Although I usually prefer to mock other people, the voices have actually made me feel better. I sigh and flip myself off in the mirror and then decide it’s now or never. And since never will get me grounded, it’s time to give in.
I open the door to see my brother standing in the hall, his cell phone stuck to his ear. I am guessing that he’s talking to his long-distance girlfriend. I’m not sure why she hasn’t dumped him, seeing as he’s a college dropout who now lives a few hundred miles from her.
Plus my brother is not that cute, if you ask me. He has the same medium-brown hair I do—as in, it’s nothing exceptional.
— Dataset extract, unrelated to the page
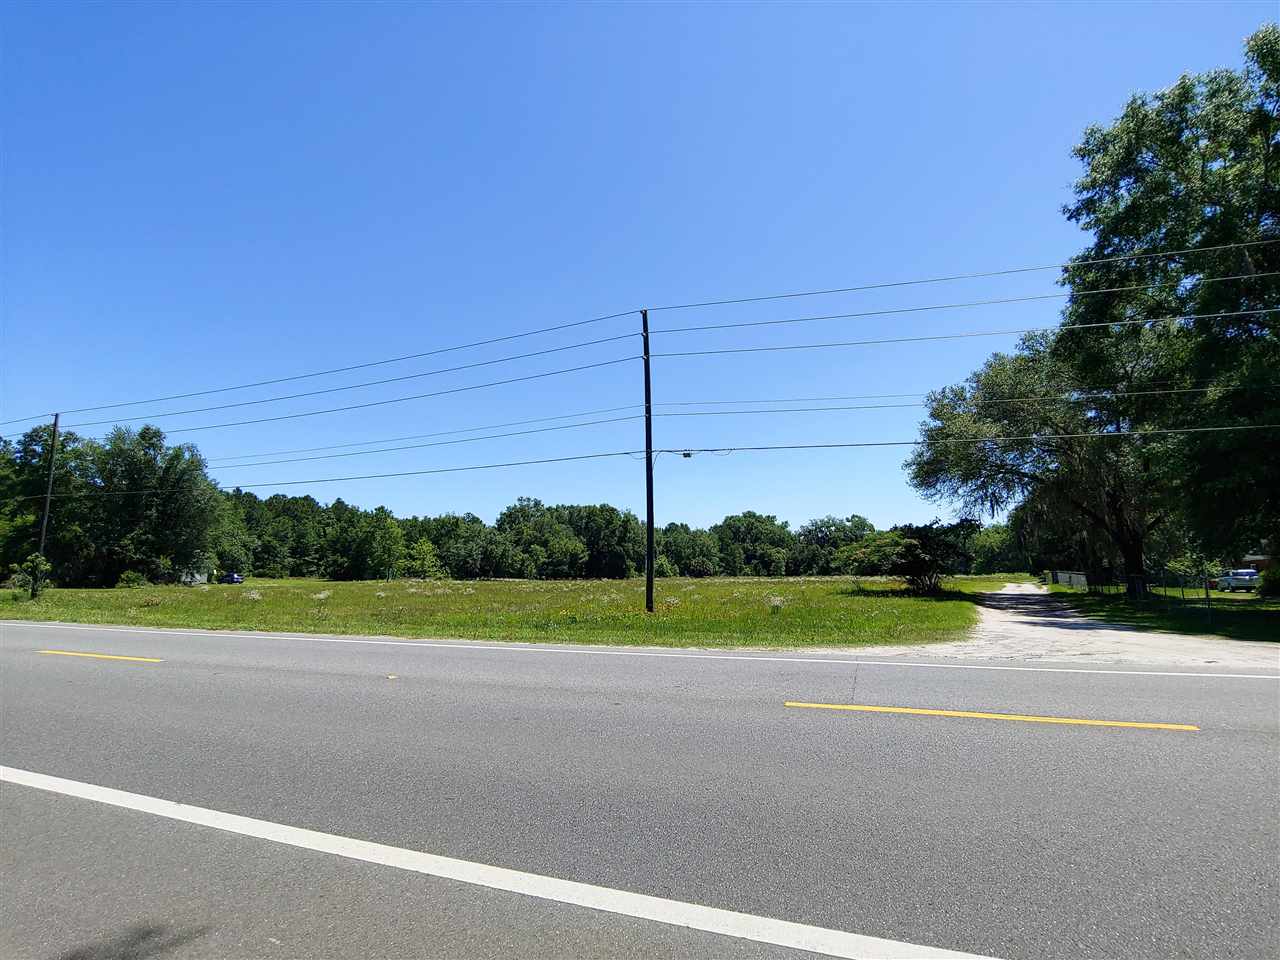 4.29 Acres - 340' N US Hwy 221 Frontage. 631' Deep. 30' Easement on Southern Boundary. All Clear with established grasses.  This property was the Graves Drive-In Theatre and is located next to the Graves Drive-In Restaurant.  Property is Zoned Mixed Use - Urban Development.   2020 Property Taxes are $343.21 - 14.9892 Total Millage.  Please contact agent before walking or driving on the property

Mom has this beautiful deep-brown hair, and we have something between that and blond, which is completely blah. His is cut in a faux hawk. His nose used to be straight, like mine, but now it has a small bump in it, à la Owen Wilson, because he took a soccer ball to the face, or so he claims. I still think that’s a cover-up for getting sucker punched when he poached another guy’s girlfriend. We both have those thin, kind of boring lips, and even if I add a pound of lip gloss, mine still don’t look that kissable.
We’re also both flat chested. I think I’ve got maybe a half inch on him in that department. Totally pathetic.
“Mom says if I get you to come downstairs now, I can use the truck tomorrow.”
“And that’s supposed to inspire me?”
He tips his head to the side and gives me an I wish I was an only child sort of look. “It’s not like she’s going to let you skip the whole party, so just go downstairs and spare us all a headache, will you?”